▸ WHAT THE TASK ASKS
Drop the images; return everything else in the listing below exactly.

▸ INFORMATION PROVIDED
★ ★ ★

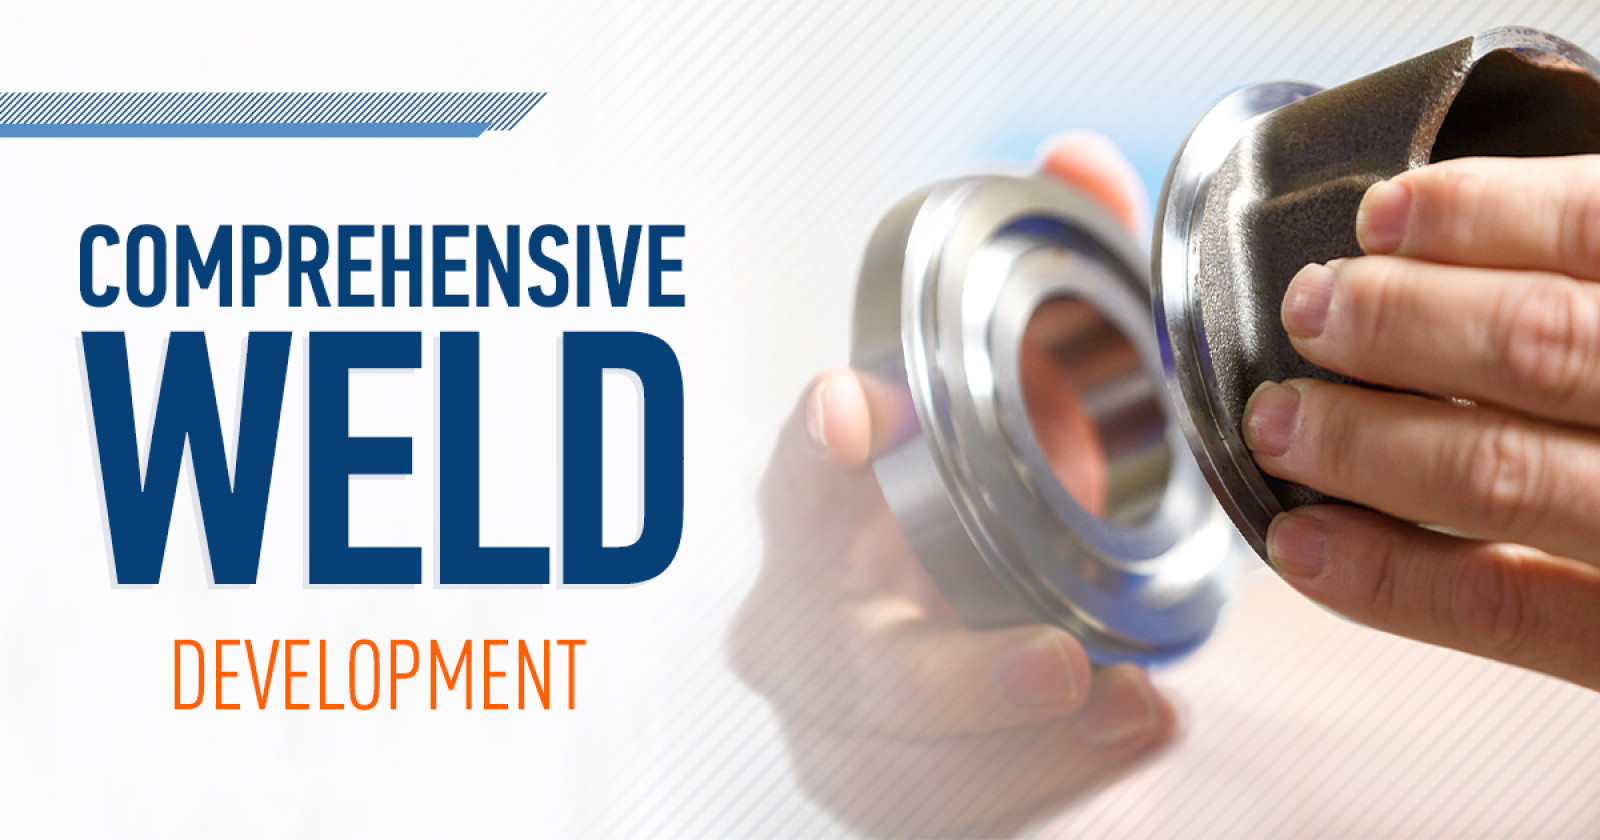 A Step-by-Step Guide to MTI's Weld Development Pro...
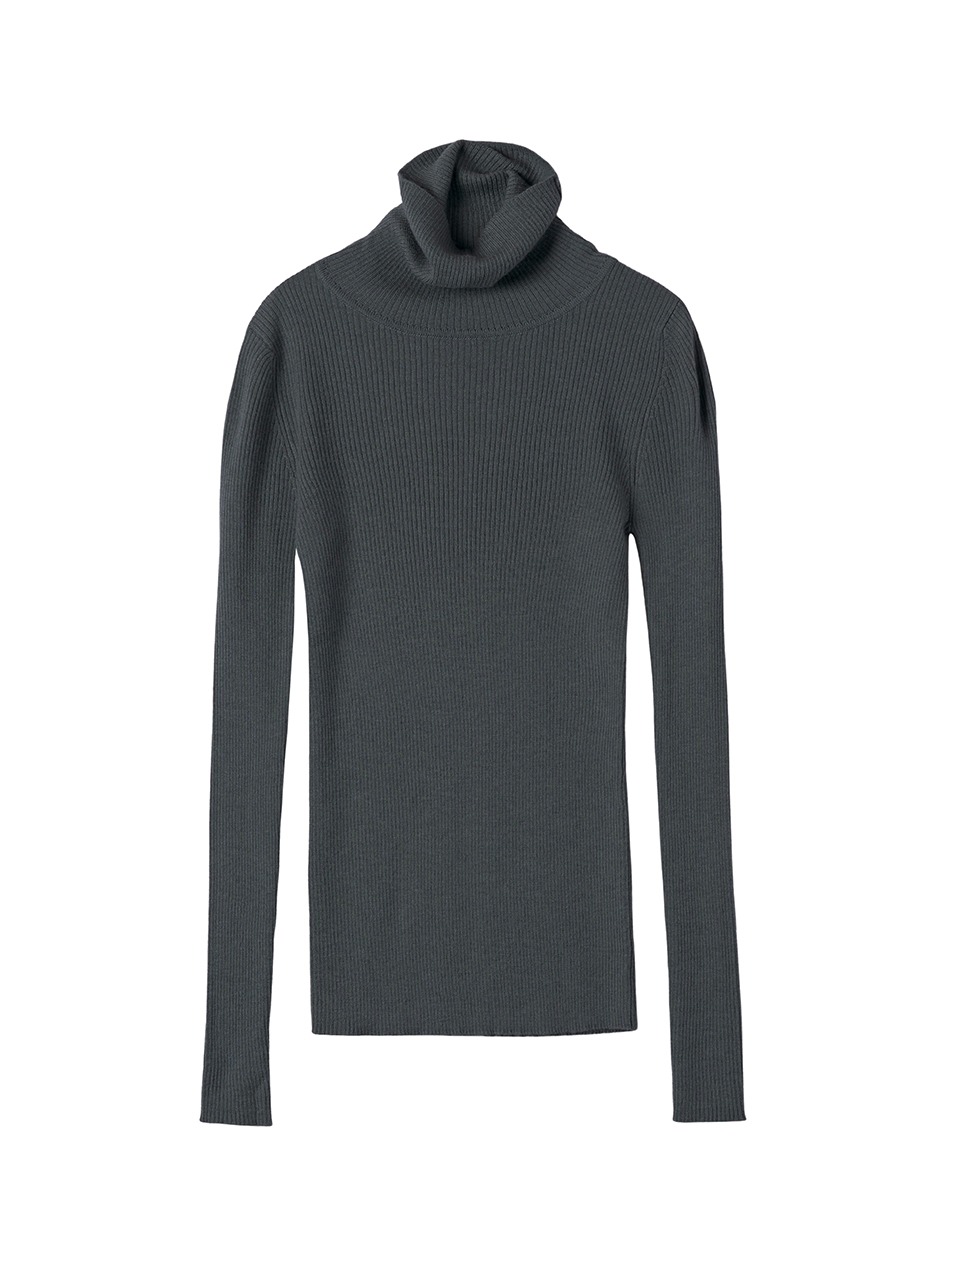 Mabel Turtle Neck Layered Knit Charcoal
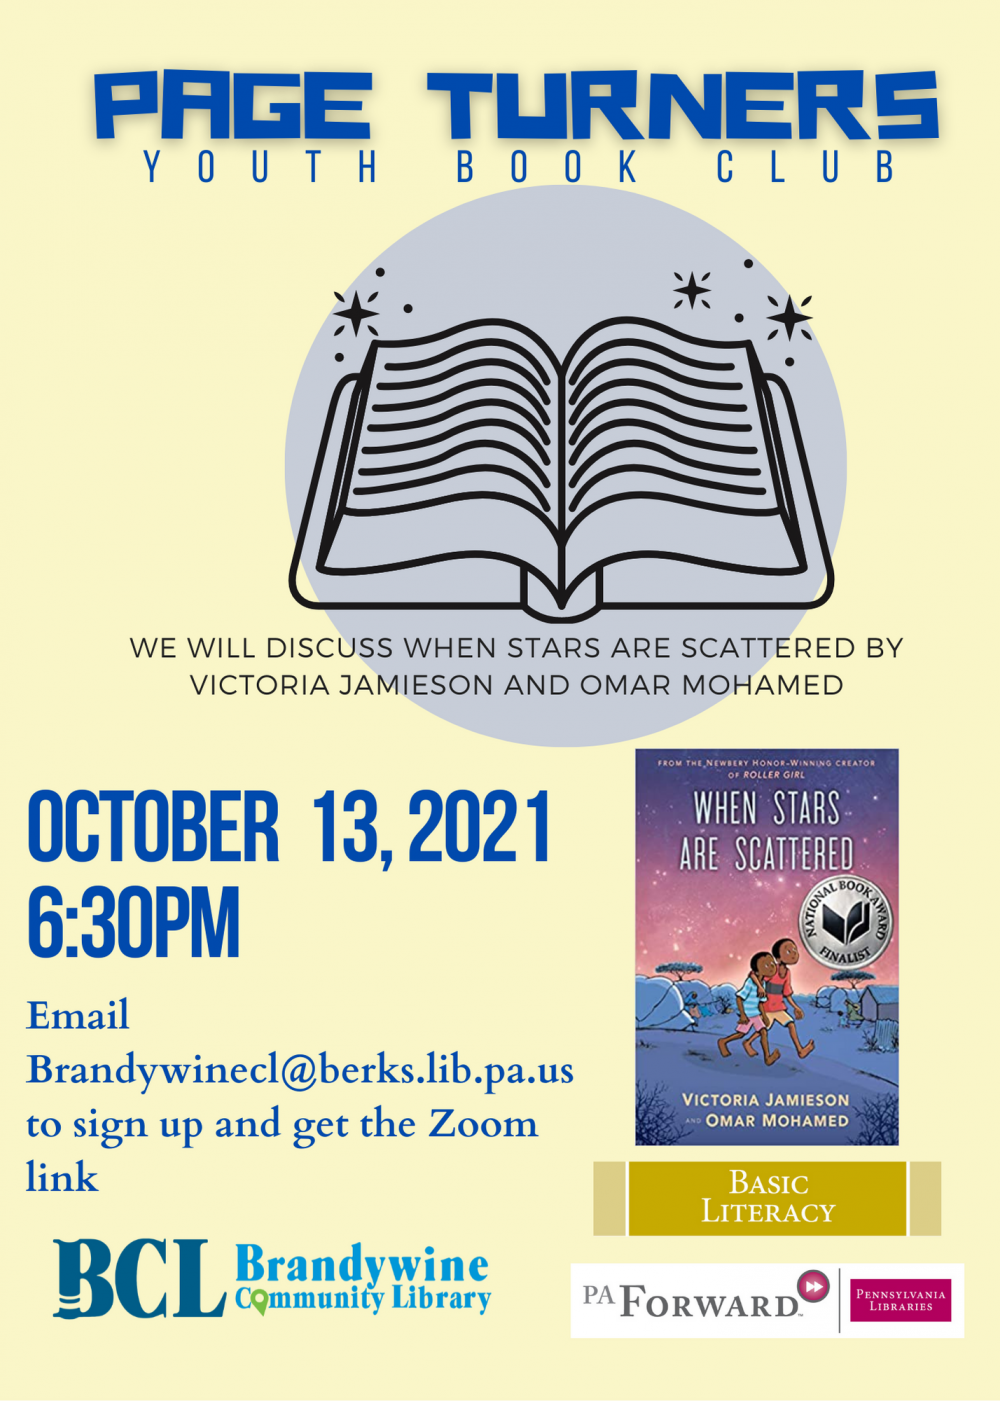 page turners youth book club flyer

★ ★ ★

▸ TASK ANSWER
 A Step-by-Step Guide to MTI's Weld Development Pro...
 Mabel Turtle Neck Layered Knit Charcoal
 page turners youth book club flyer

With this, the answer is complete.